As we head into 2022, managers will be kept busy by a variety of issues, not just macro tailwinds that will start to reverse as Central Banks buy less debt and stimulus is withdrawn, creating a Adjustment in the accounts of the managers so dependent on the market beta that it has boosted flows despite a mediocre alpha. Also due to the challenges driven by a compelling need for greater efficiencies, diversification, regulatory demands and scalability.
A few days ago we analyzed advances in technology, more focused on robotics in the manufacturing industry, but the asset management industry needs to be much more active in this digitization and modernization process. The business environment is so competitive, with new players that are much more digitized than the traditional ones and in which concepts such as Big Data or Artificial Intelligence are helping to automate processes and channel disintermediation.
Digitization affects the industry across the board, and what defines cruising speed has been a context of low rates and margin compression, where scale is more relevant than before, and where the use of technology must be applied not only in the front but in the back, looking for operational efficiencies.
“And all this translates into investment in technological infrastructures to transform into entities with digitally integrated, transparent, secure and cognitive environments and from the perspective of the client, the new digital generations motivate changes in the expectations of omnichannel, flexibility, ease of operation, personalization …”, Javier Muñoz Neira, partner in charge of the Asset Management sector at KPMG, pointed out.
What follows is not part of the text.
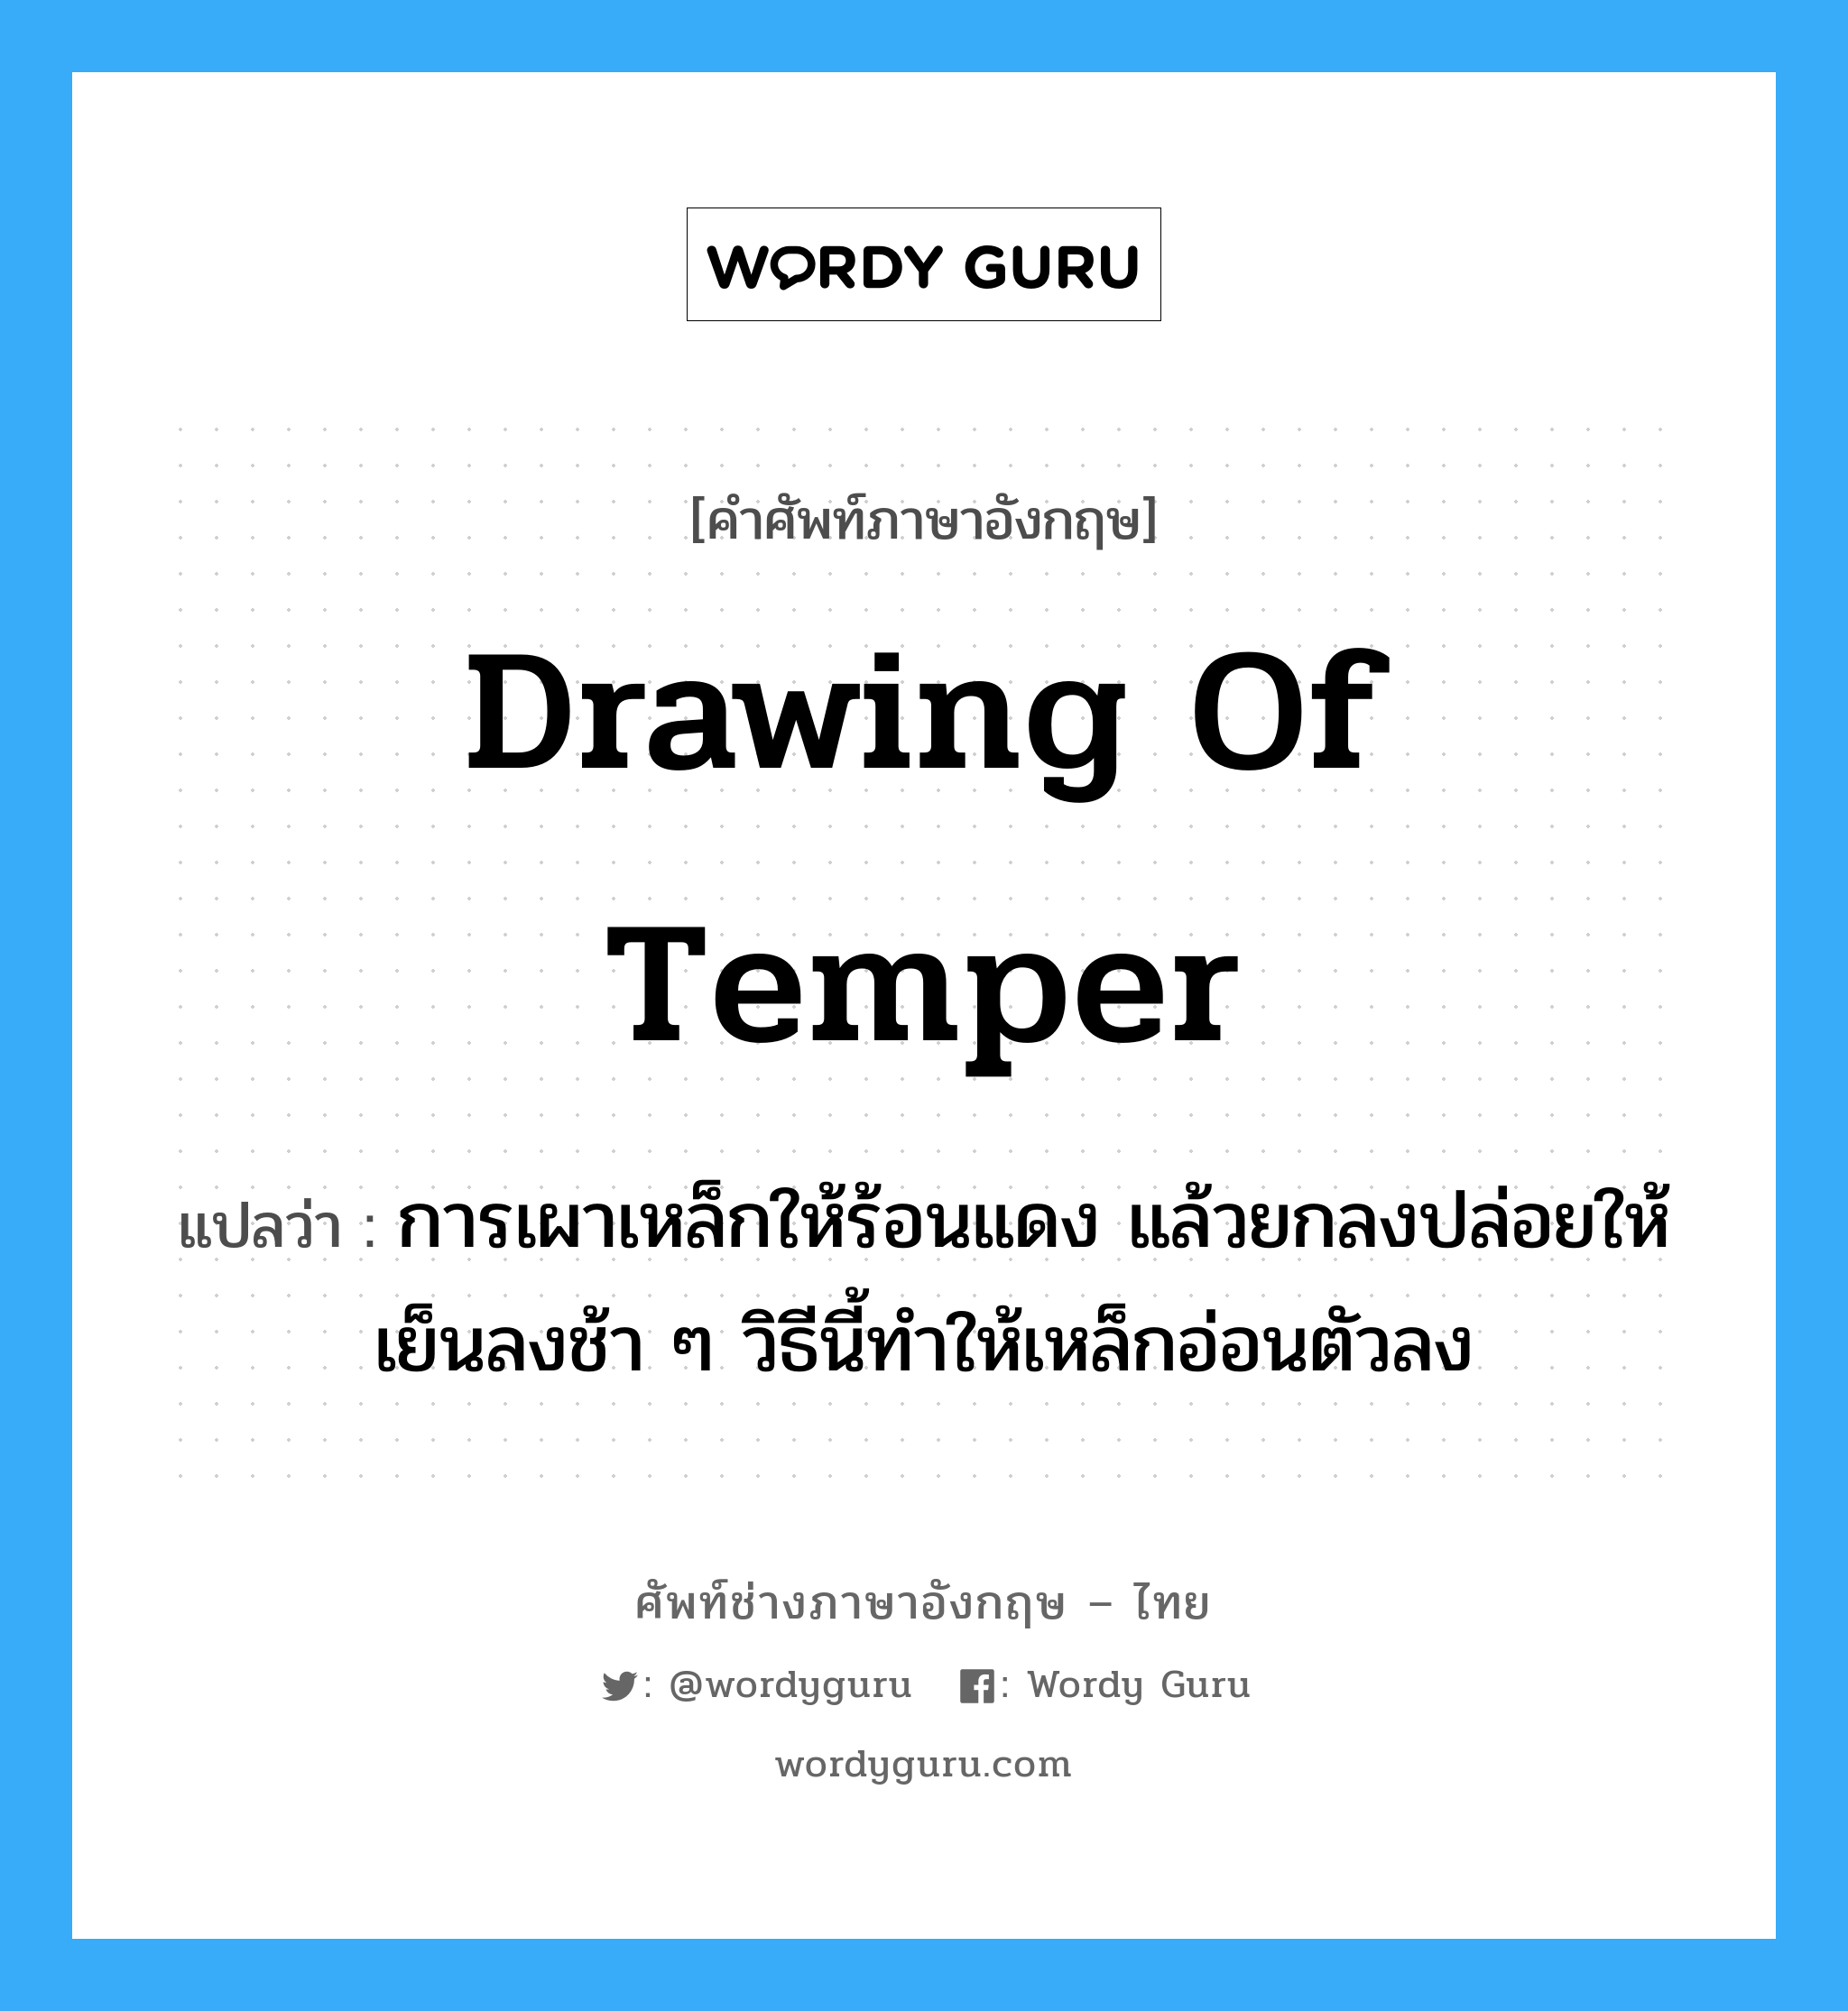 drawing of temper แปลว่า?, คำศัพท์ช่างภาษาอังกฤษ - ไทย drawing of temper คำศัพท์ภาษาอังกฤษ drawing of temper แปลว่า การเผาเหล็กให้ร้อนแดง แล้วยกลงปล่อยให้เย็นลงช้า ๆ วิธีนี้ทำให้เหล็กอ่อนตัวลง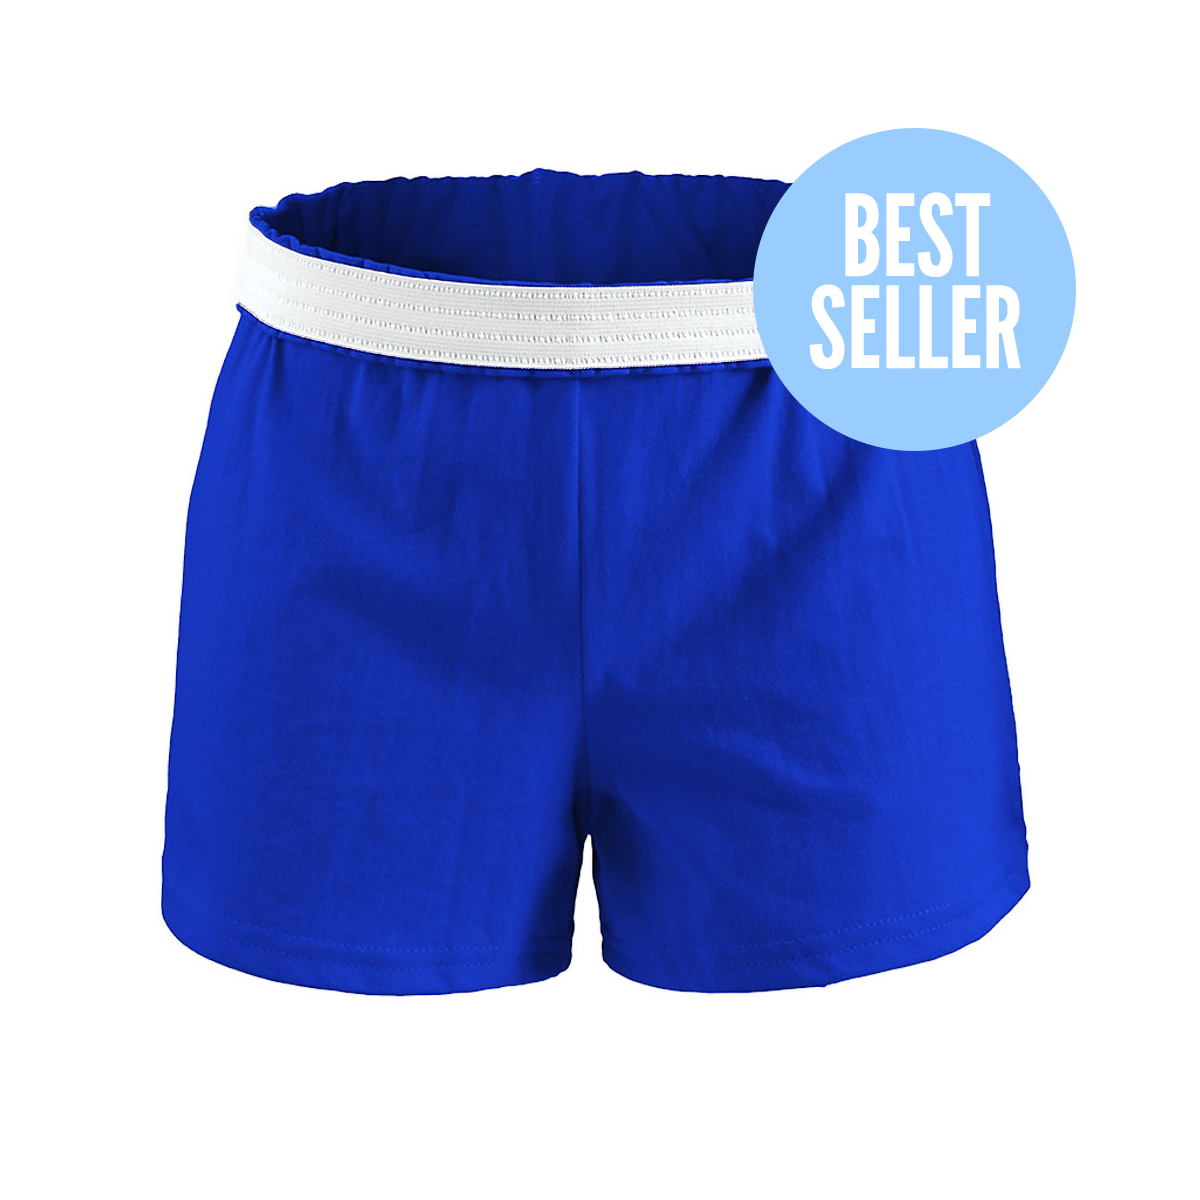 Blue cheer shorts

In the offer of the entities, the creation of new participants in the industry is observed, which are digital natives and do not have to go through a process of digital transformation, such as neobanks or robo-advisors, which grow a lot both in terms of assets and number of clients, with products and services with a time to market much higher than that of more consolidated entities and with more competitive costs, which have an impact on margins, forcing entities to face important technological investments not only in the front but also in the back that lead to operational efficiencies.
During the pandemic it was clearly seen that entities that do not have a sufficiently developed digital omnichannel strategy have suffered a lot. Many digital solutions are emerging to meet regulatory requirements, a value offer that increasingly demands the use of a large number of data that generate better results.
The increasing allocation to private and alternative markets increasingly challenge operating models of fund managers. As we have witnessed at the recent Asset Allocation Summit of Investment Strategies, strong activity is to be expected in 2022 in terms of allocation and participation in private markets, making it necessary to evolve appropriately in the operating models of managers to efficiently support said growth, as well as the hiring of specialized resources.
As pointed out Paul LaCoursiere, Global Head of ESG Investing at Janus Henderson, ESG investing it continued to accelerate in 2021 and we have started to see the reputational consequences for industry participants who get it wrong, knowing that there has been a notable lack of debate. Looking ahead to 2022, “ESG evidence will be a major focus and it will be critical to see increased debate that guarantees that the industry realizes its potential and avoids unwanted consequences”, the expert points out.
The ESG investing requires a large volume and complexity of requirements, with data that is growing exponentially, as is the Sustainable Finance Disclosure Regulation (SFDR). Regulators are increasingly holding agents to account in many areas, but notably it will be more around the greenwashing. It is to be expected that the market will undergo a bifurcation, “market players with rigorous and integrated processes will begin to differentiate themselves from those that have been able to exist behind the window to date,” adds LaCoursiere. Proper data management, in addition to having the necessary equipment, will cause more and more managers to withdraw or be excluded for not being able to corroborate their commitments.
Another factor to take into account and Moody’s highlights is cyber security. The rapid movement of technology, increased during the pandemic and the “home office” has increased the security risk for asset managers. The rise in ransomware attacks means they must work hard to put systems in place to help defend against this threat.
The fusions and acquisitions will continue in both active and passive managers. The last case was the purchase of Lyxor by Amundi, with the intention of gain scale and therefore be able to compete in channels and products. The pandemic also showed how those large and well-diversified managers with scale in all business segments were more resistant to market shocks than the smaller ones. Attractive cost savings and cash flow improvements via M&A will be powerful for some managers to combat structural pressures such as falling fees, growing demand for passive products and clients’ desire to do more with fewer providers. and multi-active solutions. It is easy to predict that the big insurers will make a move in order to increase their own competitive advantage.